We think one of the best applications of AI is to use the best natural language processing solutions you can find to discover all the different ways that customers describe their problems, many of which aren’t obvious. For example, at Chatbase, we often find that some customers don’t even understand exactly what their problem is, or at least how to articulate it. There’s no way to anticipate all the edge cases without taking a data-driven approach to discovering them in past customer interactions. So, based on insights you’ve found in that data, you can more easily anticipate what your main customer issues will be and help them get to resolution faster with an AI-powered virtual agent, whether chat or voice-based. For complex problems, customers can be handed off to live support agents.
How do you see the evolution a few years from now with regard to disruptions and transformations within this space?

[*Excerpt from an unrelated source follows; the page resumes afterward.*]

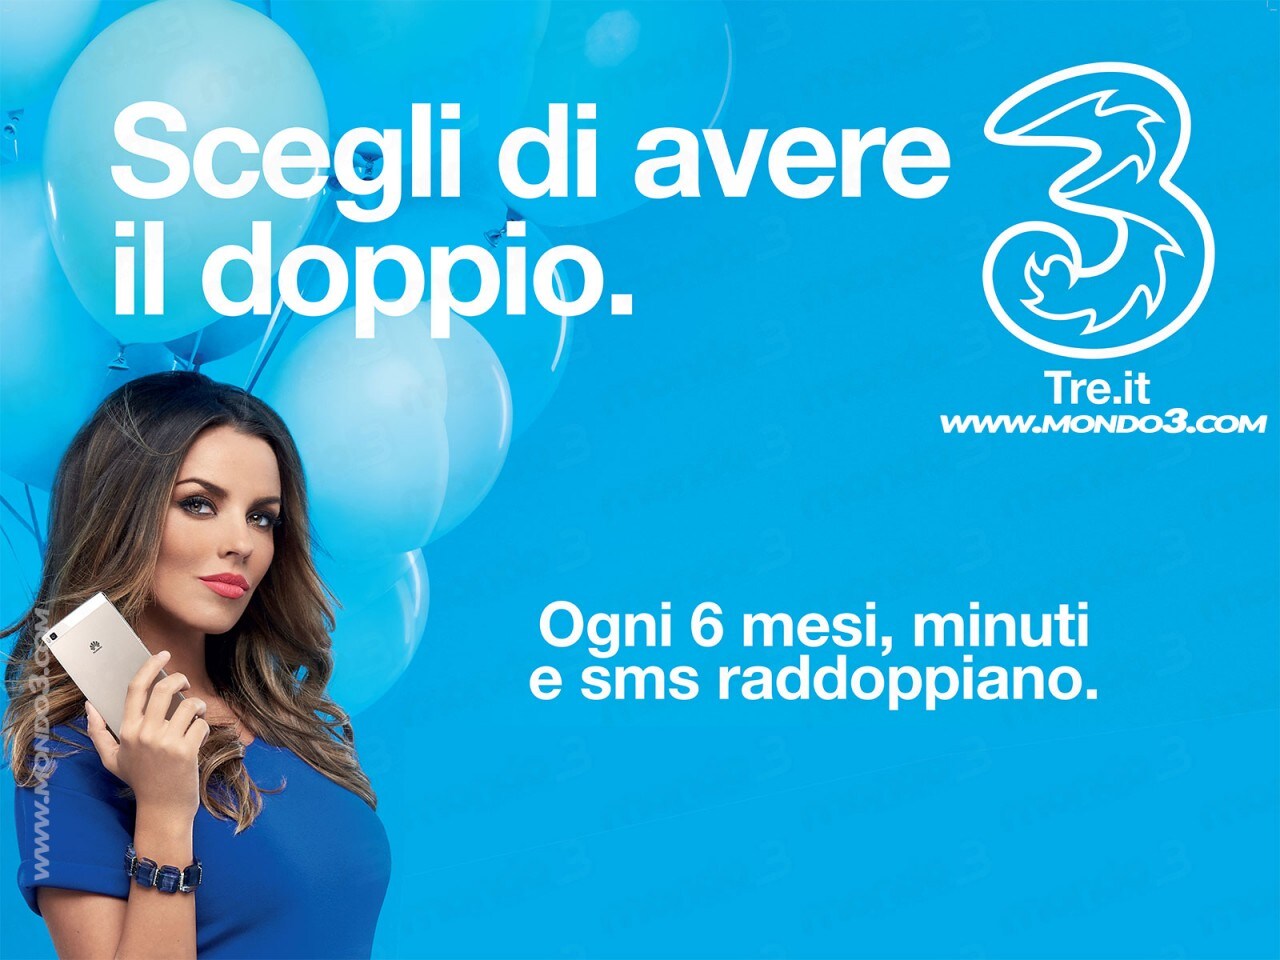 La nuova ALL-IN Extra di 3 Italia ha ben 8 GB di traffico dati a partire da 12€ al mese
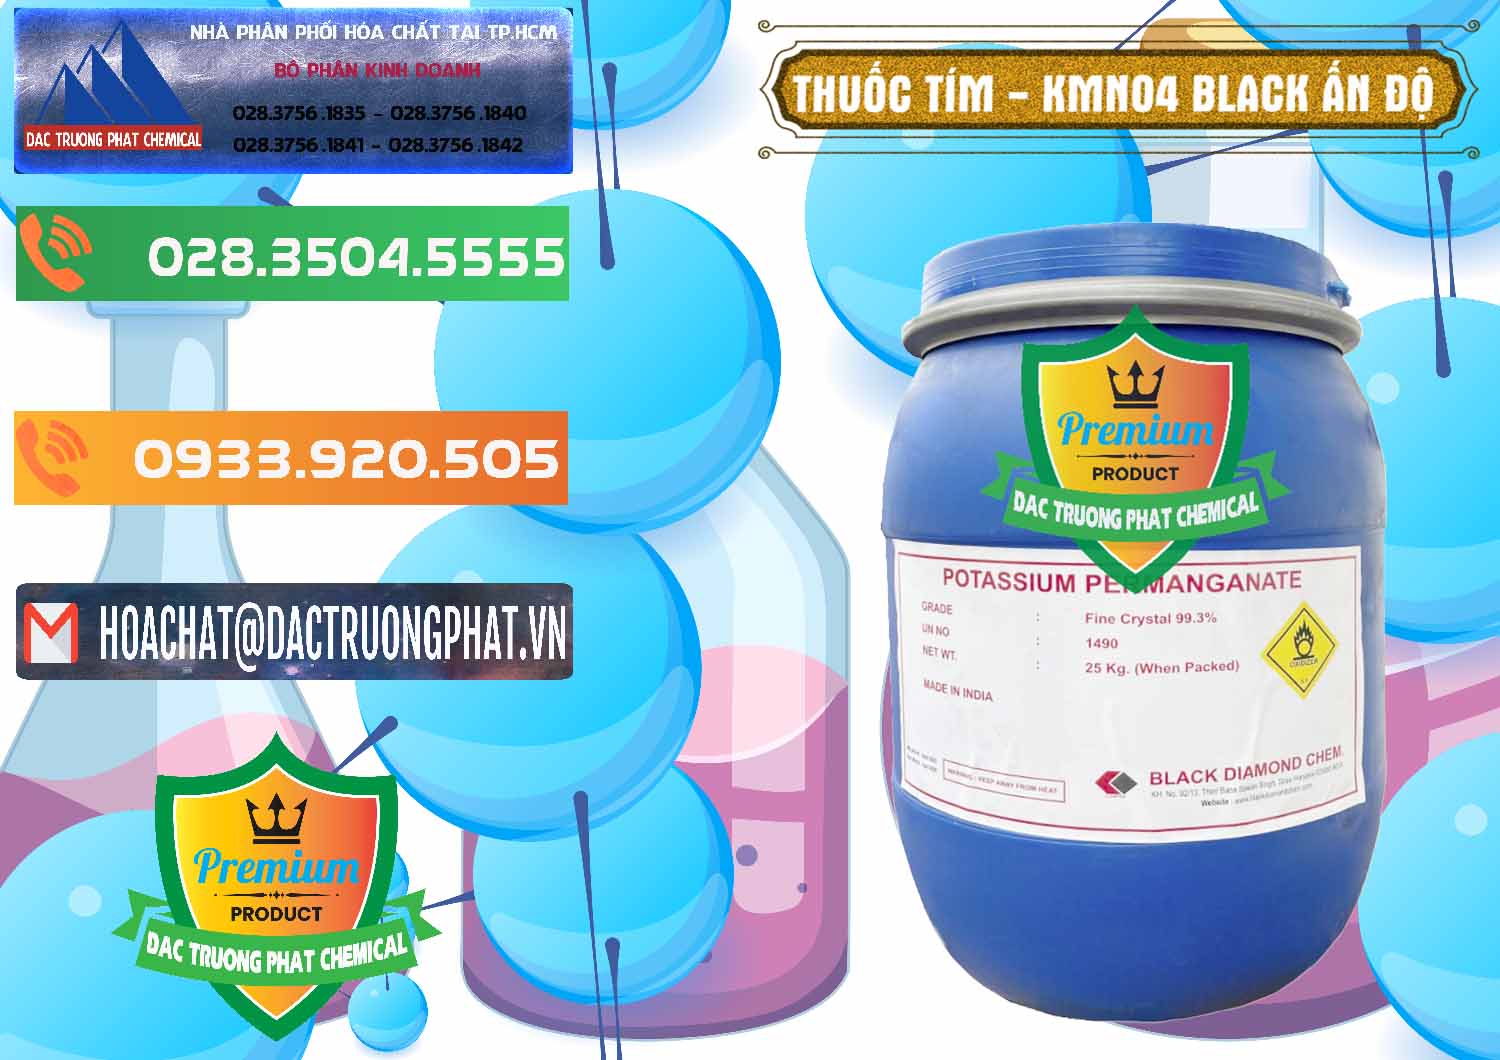 Công ty chuyên phân phối & bán Thuốc Tím - KMNO4 Black Diamond Ấn Độ India - 0414 - Chuyên bán & cung cấp hóa chất tại TP.HCM - hoachatxulynuoc.com.vn

Simply put, the technology (including natural language understanding/speech recognition and speech synthesis) are going to get better and better, so most companies should start making investments now and then iterate over time as the tech improves. They should also be precise and smart about how they build the bots, and have flexible designs so that the use case can be changed at any time.
What is your advice for budding technologists in this space?
Whenever new platforms emerge, they bring along loads of opportunities for platform implementers to benefit from them. So, as these platforms for AI-powered customer experiences become accessible and popular among customers, budding technologists should think about building experiences on those platforms to help them bootstrap their business. This is especially true for the startup people out there.
Ofer is the GM of Chatbase, a cloud service for designing, analyzing, and optimizing conversational experiences. (Chatbase is part of Area 120, an incubator operated by Google.) Its newest product, Chatbase Enterprise Edition (available via Early Access Program), helps contact centers unlock hidden insights from customer interactions to get critical data for creating the right AI-powered virtual agent. Previously he served as CEO of Pulse.io, an app performance monitoring service acquired Google, and CEO of Sendori, an ad network acquired by IAC. He is a startup mentor at Stanford and an angel investor in Lyft, Palantir, and Klout. Ofer holds an MS in Artificial Intelligence from University of Michigan and an MBA from Cornell University.